*** Opening STORED DATA ***
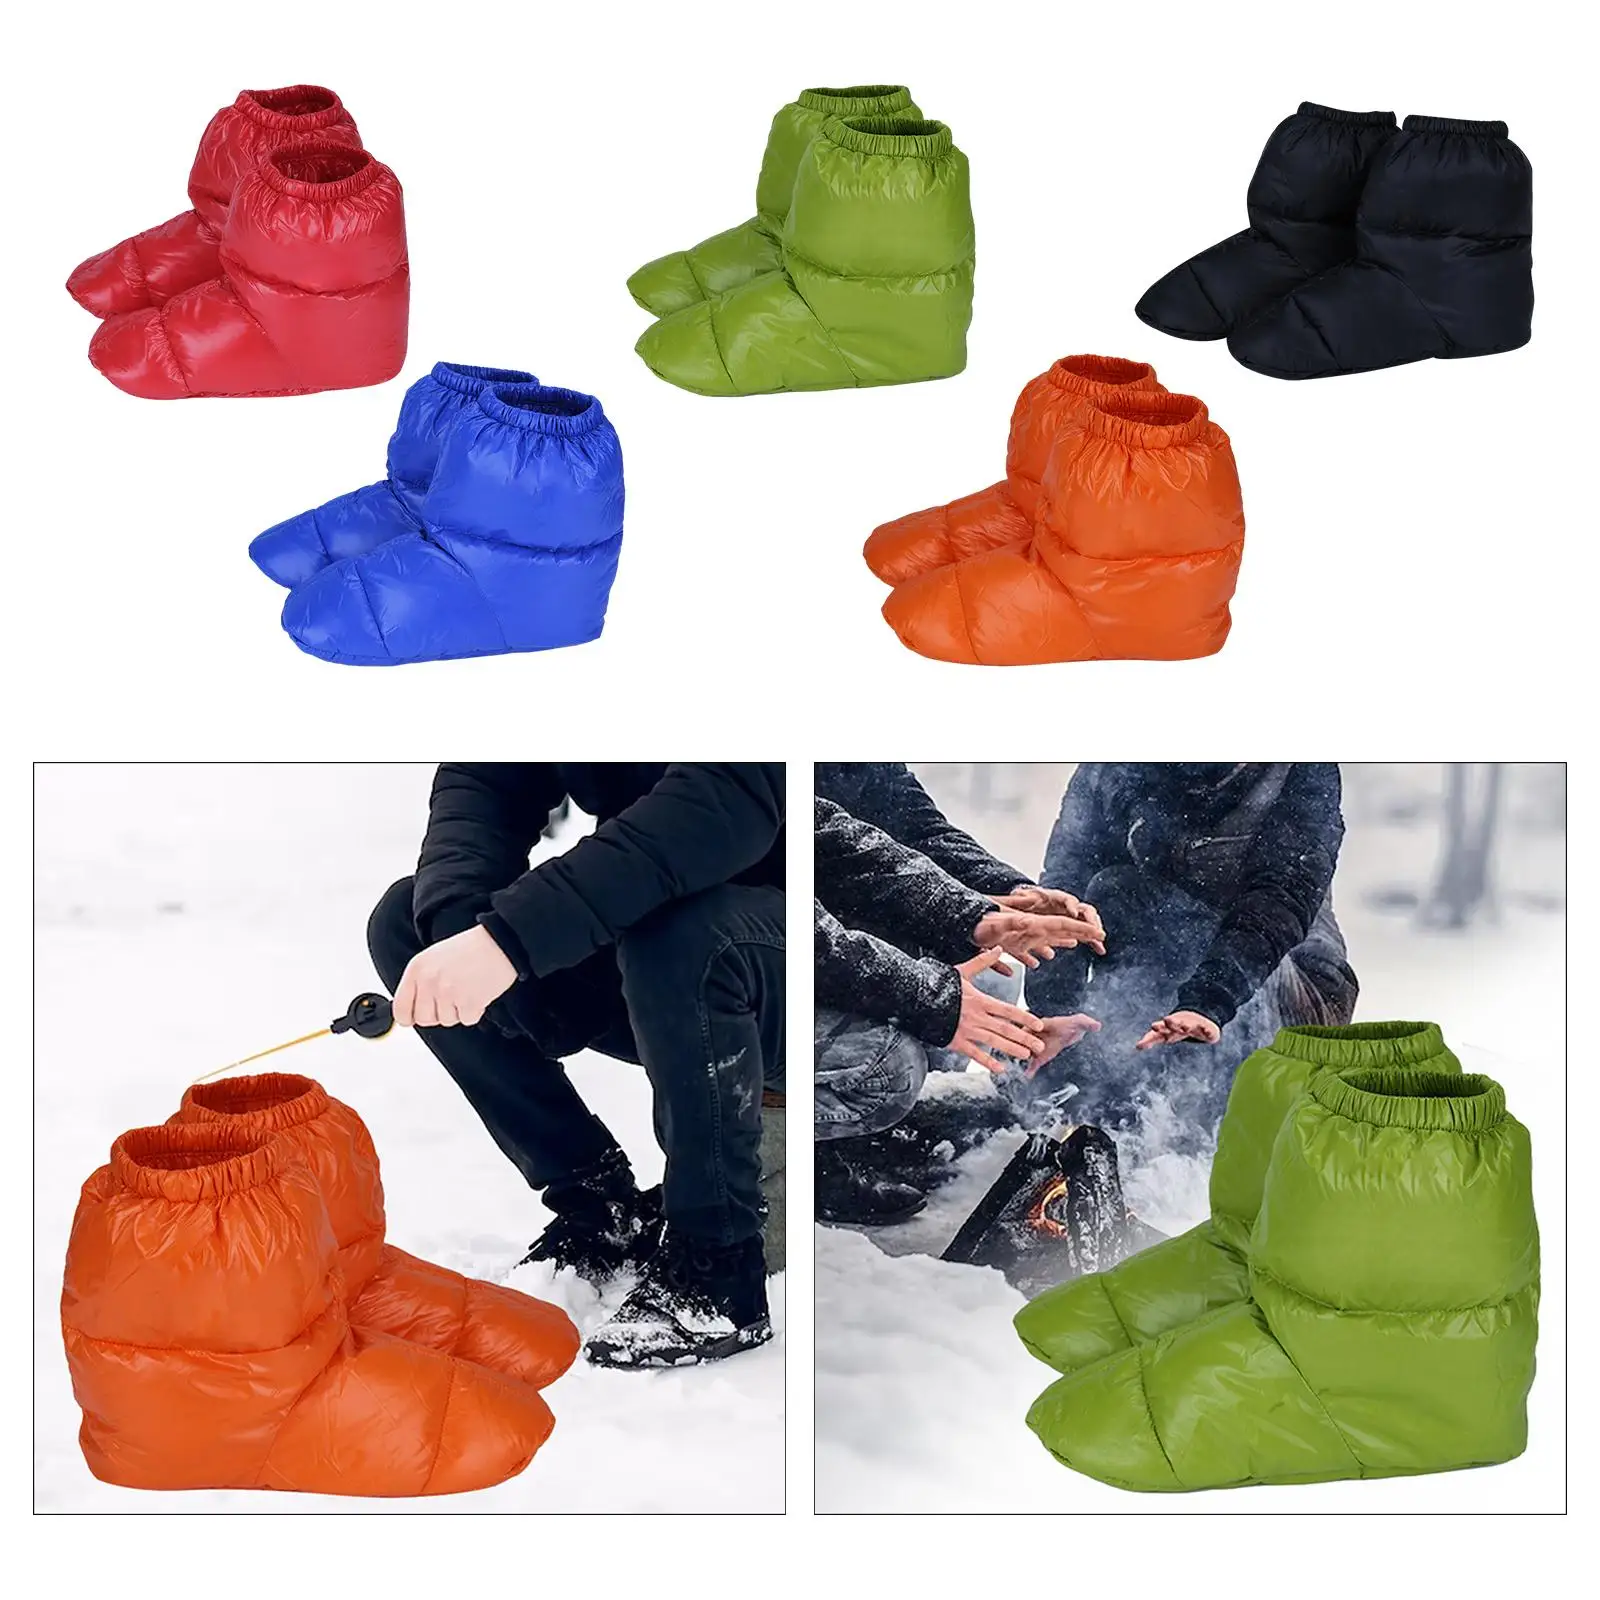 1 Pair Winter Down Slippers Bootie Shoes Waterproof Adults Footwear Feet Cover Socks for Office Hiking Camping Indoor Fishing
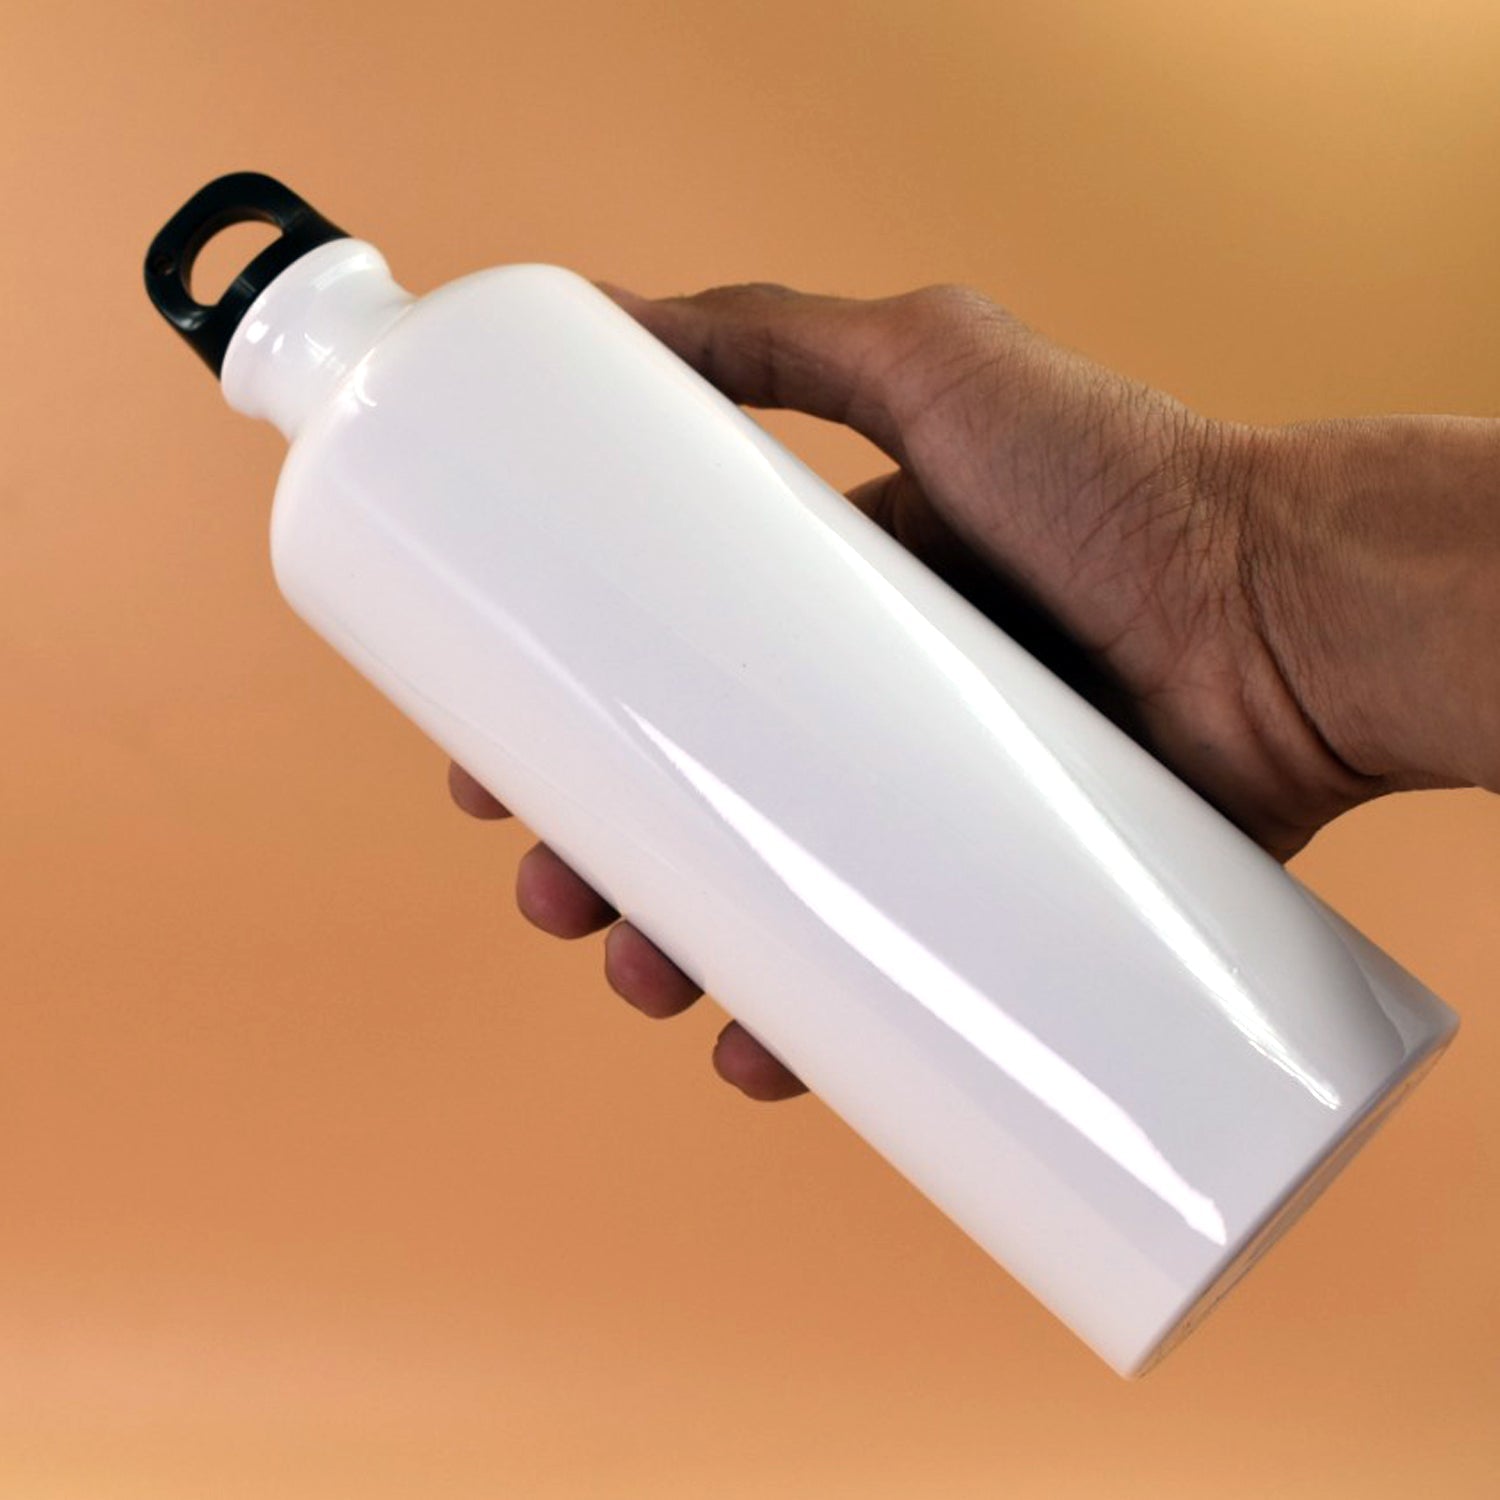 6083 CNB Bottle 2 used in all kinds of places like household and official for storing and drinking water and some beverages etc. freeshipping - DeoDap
*** Closing STORED DATA ***
*** Opening STORED DATA ***
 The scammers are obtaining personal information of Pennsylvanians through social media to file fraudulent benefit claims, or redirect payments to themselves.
*** Closing STORED DATA ***
WHAT YOU SHOULD DO: Your copy should hold only the lines above from the one containing "1 Pair Winter" through the one containing "6083 CNB Bottle", exactly as written and free of pictures.

RESPONSE TO THIS TASK:
 1 Pair Winter Down Slippers Bootie Shoes Waterproof Adults Footwear Feet Cover Socks for Office Hiking Camping Indoor Fishing
 6083 CNB Bottle 2 used in all kinds of places like household and official for storing and drinking water and some beverages etc. freeshipping - DeoDap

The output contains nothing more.